Ok, let's use the following information to very roughly estimate the size of the nucleus. Rutherford, Geiger, and Marsden (his students) fired a beam of alpha particles at a gold foil. The alpha particles had an energy of about 3.70 million electron volts, a charge of +2e, and a mass of about four AMU (one Atomic Mass Unit is 1.66 x 10-27 kg. Gold has atomic number 79.
How close could the alpha particles get to the gold nucleus?
change ev to joules.
work to get close= KE= integral force*dx
the integral is from inf to d, you are looking for d.
KEinJoules= INT kQq/x^2 dx= -kQq/x
and over the limit,
ke in joules= kQq/d solve for d.
Advertising, public
To estimate how close the alpha particles could get to the gold nucleus, we can use Rutherford's scattering formula.

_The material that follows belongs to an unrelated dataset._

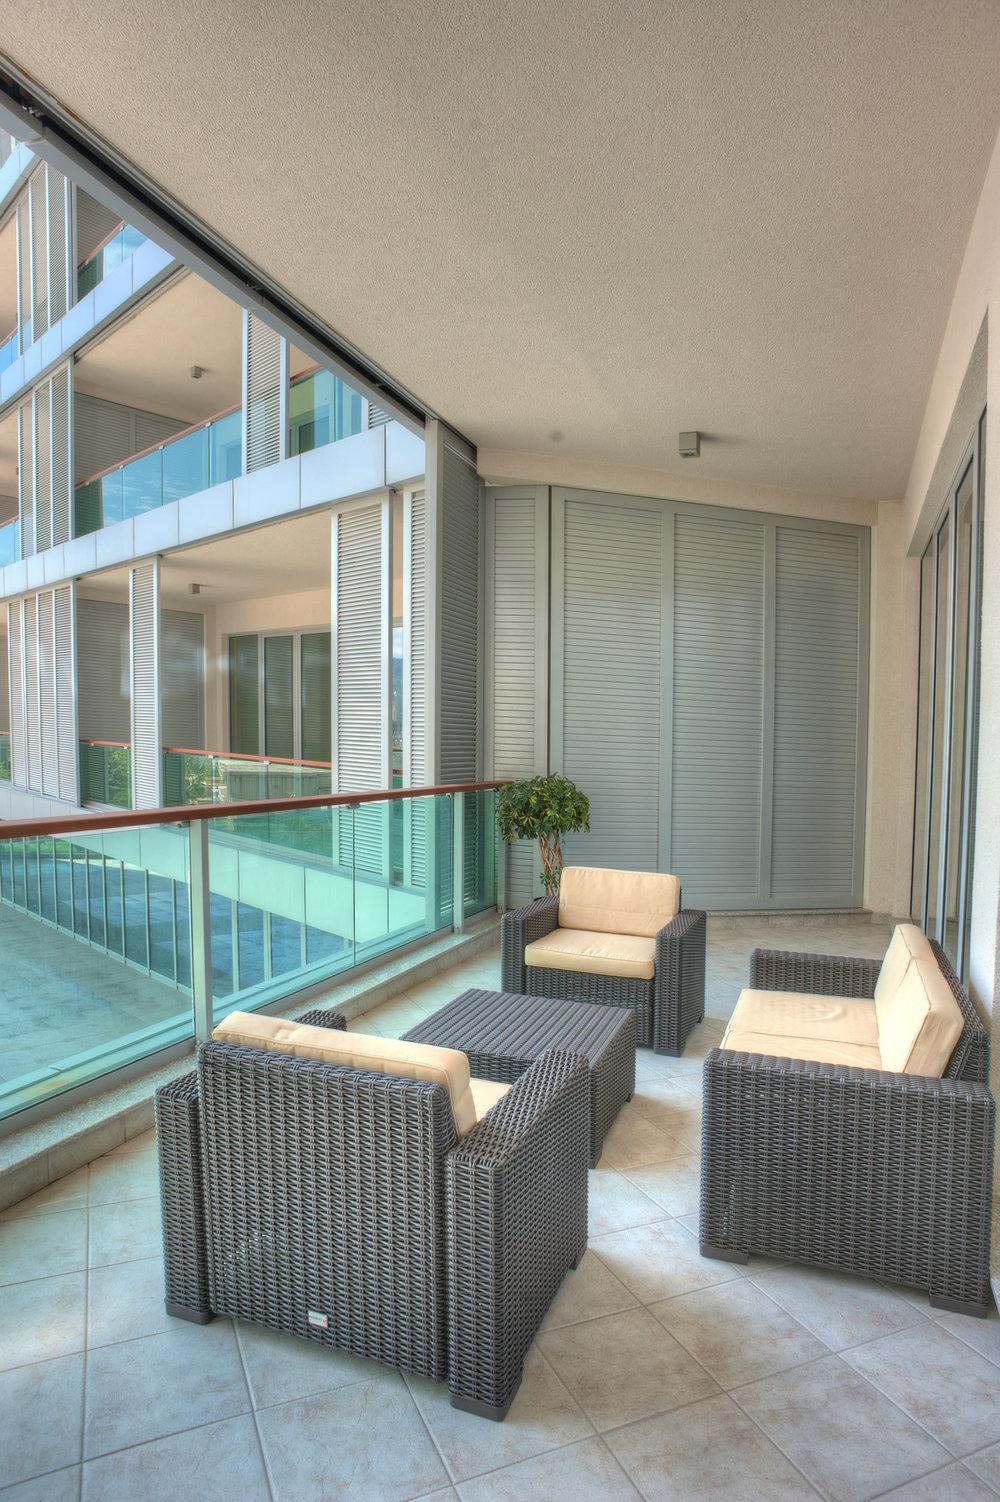 Three bedroom apartment in Budva

This formula relates the impact parameter (b), which is the distance between the path of the alpha particle and the center of the gold nucleus, to the energy (E) and charge (q) of the alpha particle.
The formula is:
b = Z * (q^2) / (4 * π * ε * E)
Where:
b = impact parameter (distance between the path of the alpha particle and the center of the gold nucleus)

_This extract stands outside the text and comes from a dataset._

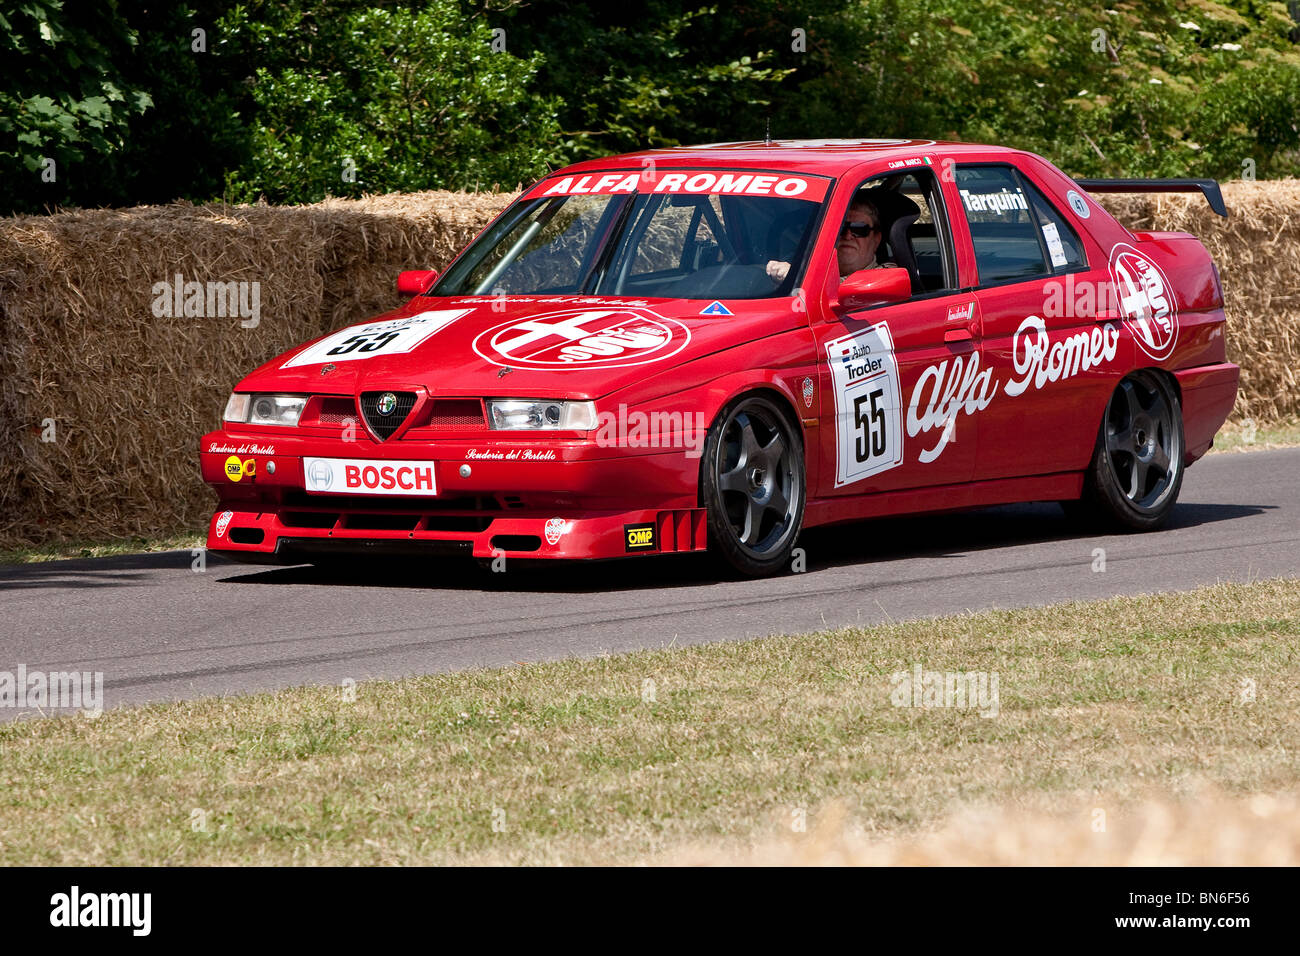 1994 Alfa Romeo 155 TS at the Festival of Speed, Goodwood, 2010 - Stock Image

Z = atomic number of the gold nucleus (79 in this case)
q = charge of the alpha particle (+2e, where e = elementary charge)
π = Pi (approximately 3.14)
ε = permittivity of free space (approximately 8.85 × 10^-12 F/m)

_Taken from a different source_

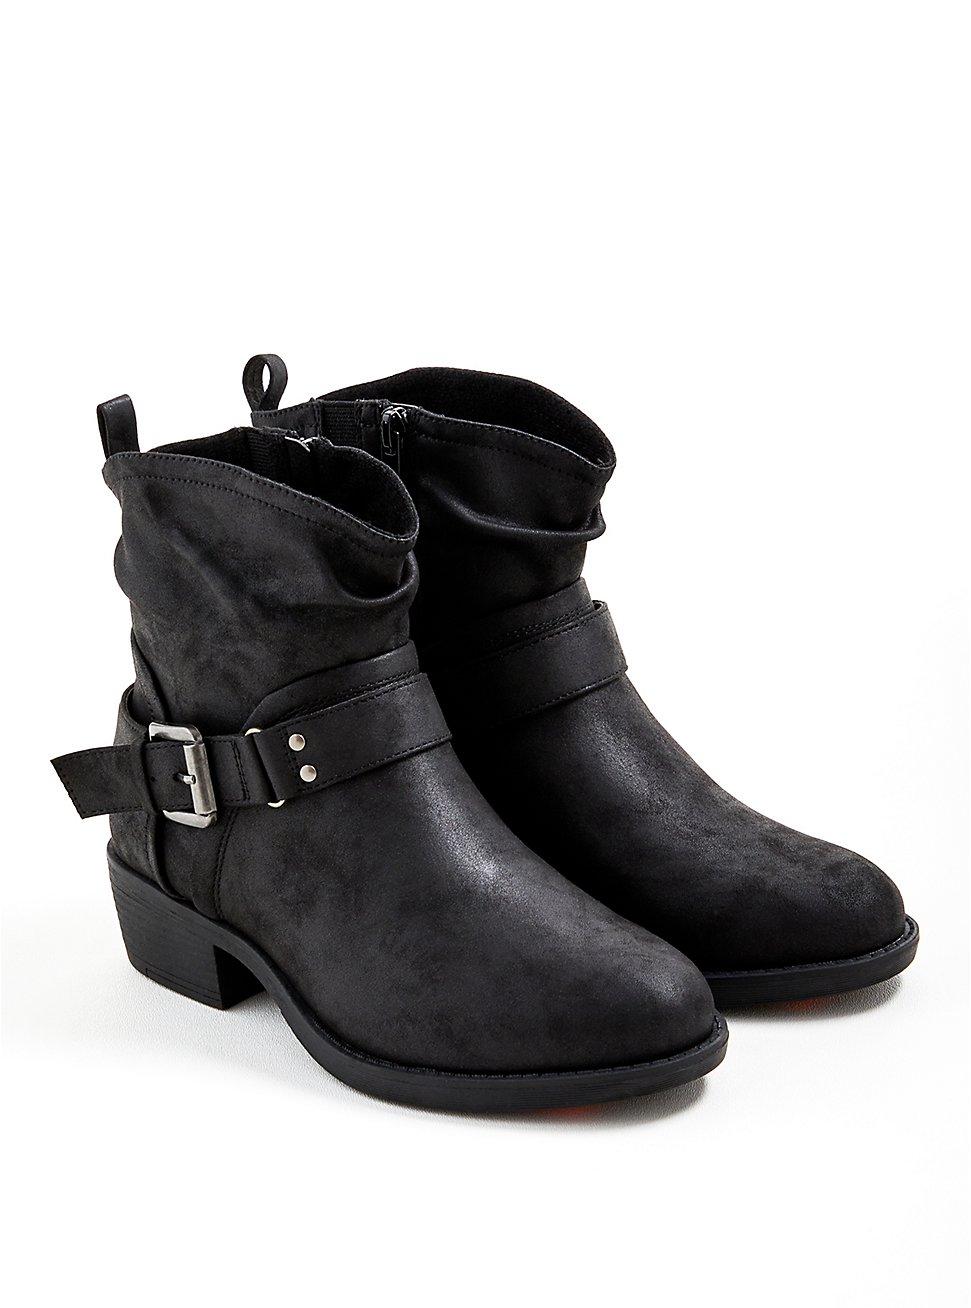 Plus Size Slouchy Moto Boot - Faux Leather Black, BLACK, hi-res

E = energy of the alpha particle (in joules)
Given:
E = 3.70 million electron volts = 3.70 * 1.6 x 10^-19 J (1eV = 1.6 x 10^-19 J)
q = +2e (where e = 1.6 x 10^-19 C)
Z = atomic number of gold nucleus = 79
Let's calculate the impact parameter (b):
b = 79 * ((2 * 1.6 x 10^-19)^2) / (4 * 3.14 * 8.85 x 10^-12 * 3.70 * 1.6 x 10^-19)
Calculating this equation will give us a rough estimate of how close the alpha particles could get to the gold nucleus.